# Organ Pipes Herping! W/ pics!



## NickGeee (Dec 26, 2013)

Me and a good mate went down to the organ pipes for a good half day of looking for some reps.
I am a horrible photographer so please forgive me , I also didn't take too many pics.
We stumbled onto this creature baked on the path, so we stuck him in the vegetation for a nice picture. We think he is a golden stag beetle.



goldengreen stag by nickgherping, on Flickr

Cicada shells where everywhere!



cicada shell by nickgherping, on Flickr

Now to some real reptiles.
I had to brave a swarm of bees for this picture :lol:



Water Skink by nickgherping, on Flickr

zoomed in his face.



Water Skink upclose by nickgherping, on Flickr

Garden skinks were everywhere, but some had some comical places to hide...

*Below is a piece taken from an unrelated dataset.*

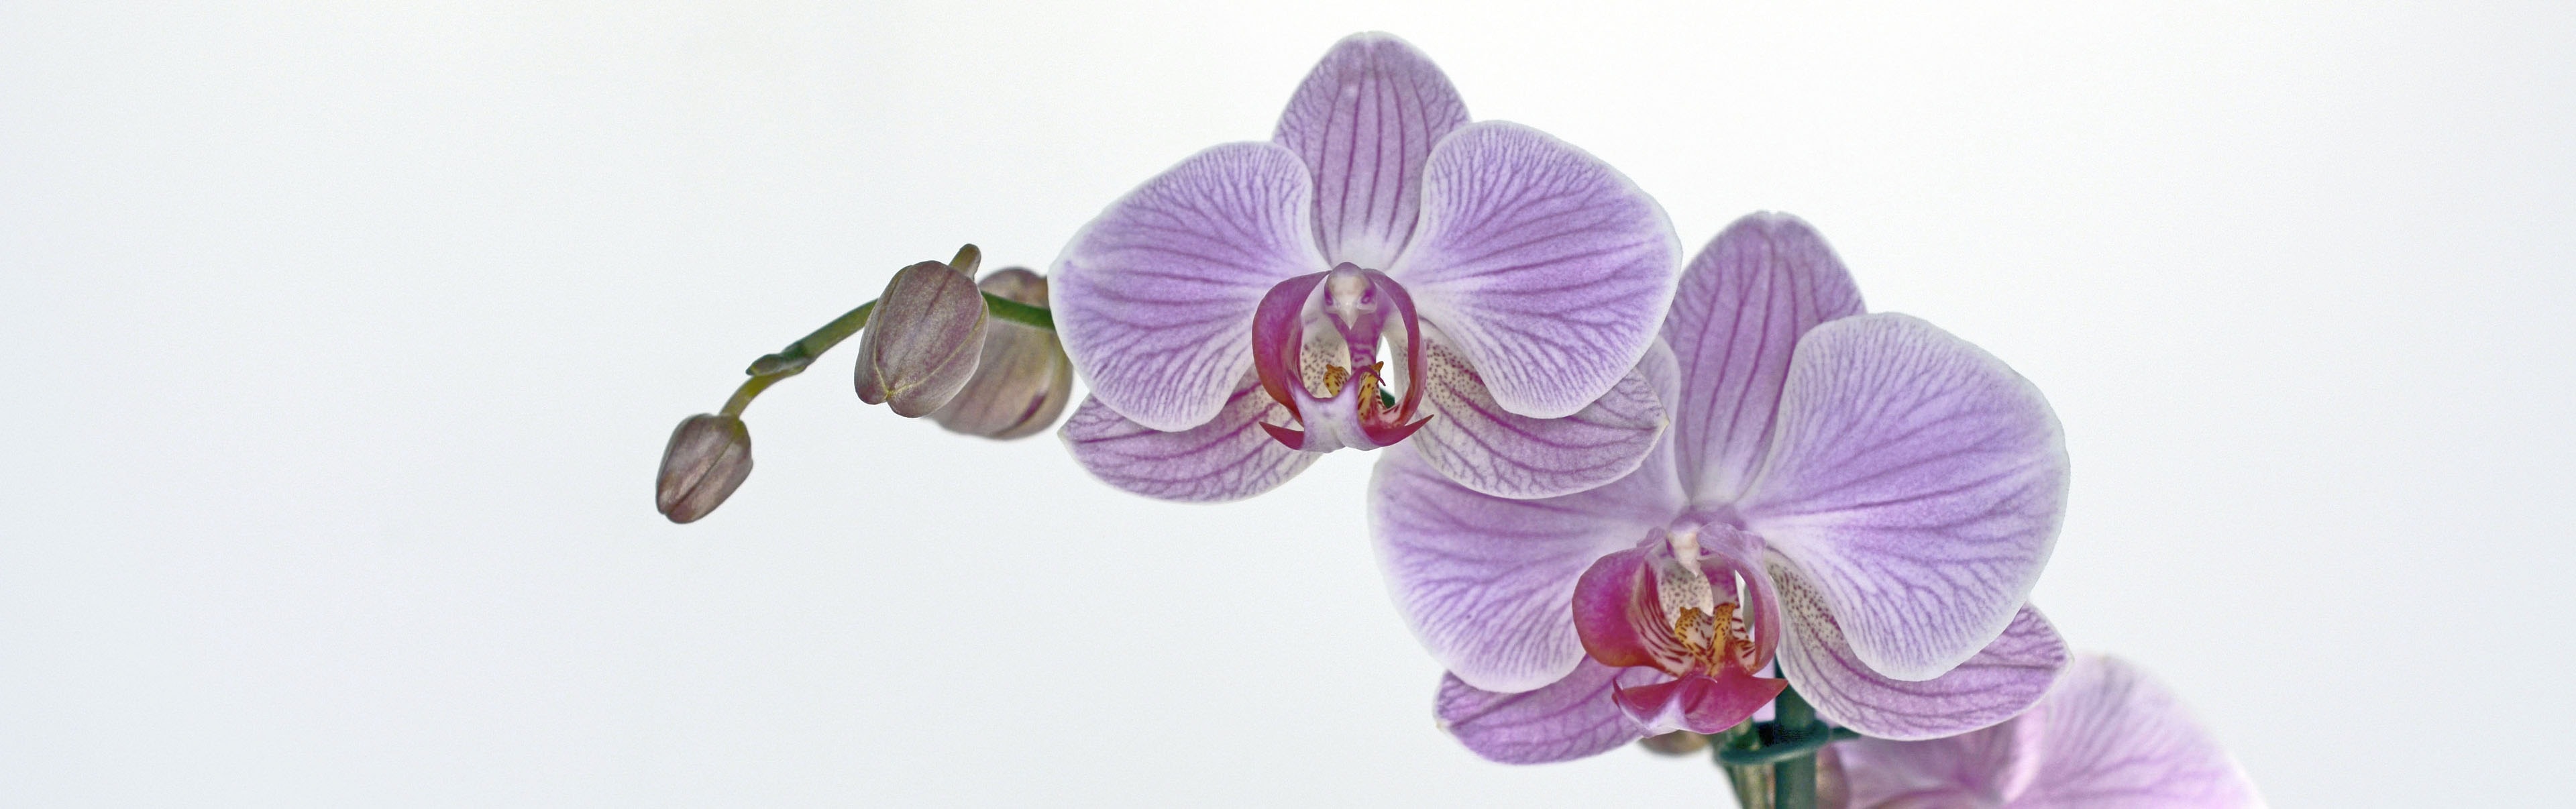 purple and white orchid

Peek a boo! by nickgherping, on Flickr

These guys are very fast so this was the only really not blurred photo I got 



Garden skink by nickgherping, on Flickr
Up close



Garden skink upclose by nickgherping, on Flickr
We spotted some nice Ctenotus but while I was busy fumbling with my camera they escaped into a shrub.
Hope you enjoy and maybe next time I can finally get some of those sneaky striped skinks!


----------



## iHerp (Dec 27, 2013)

Very Nice


----------



## richoman_3 (Dec 30, 2013)

nice! Water skinks are always a treat to find
Keep your eyes out for delma impar there


----------



## NickGeee (Dec 31, 2013)

richoman_3 said:


> nice! Water skinks are always a treat to find
> Keep your eyes out for delma impar there


Thanks!
What time of day would you reccomend looking tor herps?


----------



## richoman_3 (Dec 31, 2013)

NickGeee said:


> Thanks!
> What time of day would you reccomend looking tor herps?



Depends what you're looking for.
But around Melbourne the best time is early morning


----------



## NickGeee (Dec 31, 2013)

Haha well I guess I won't go at around 1 o click in a 35 degree day hey


----------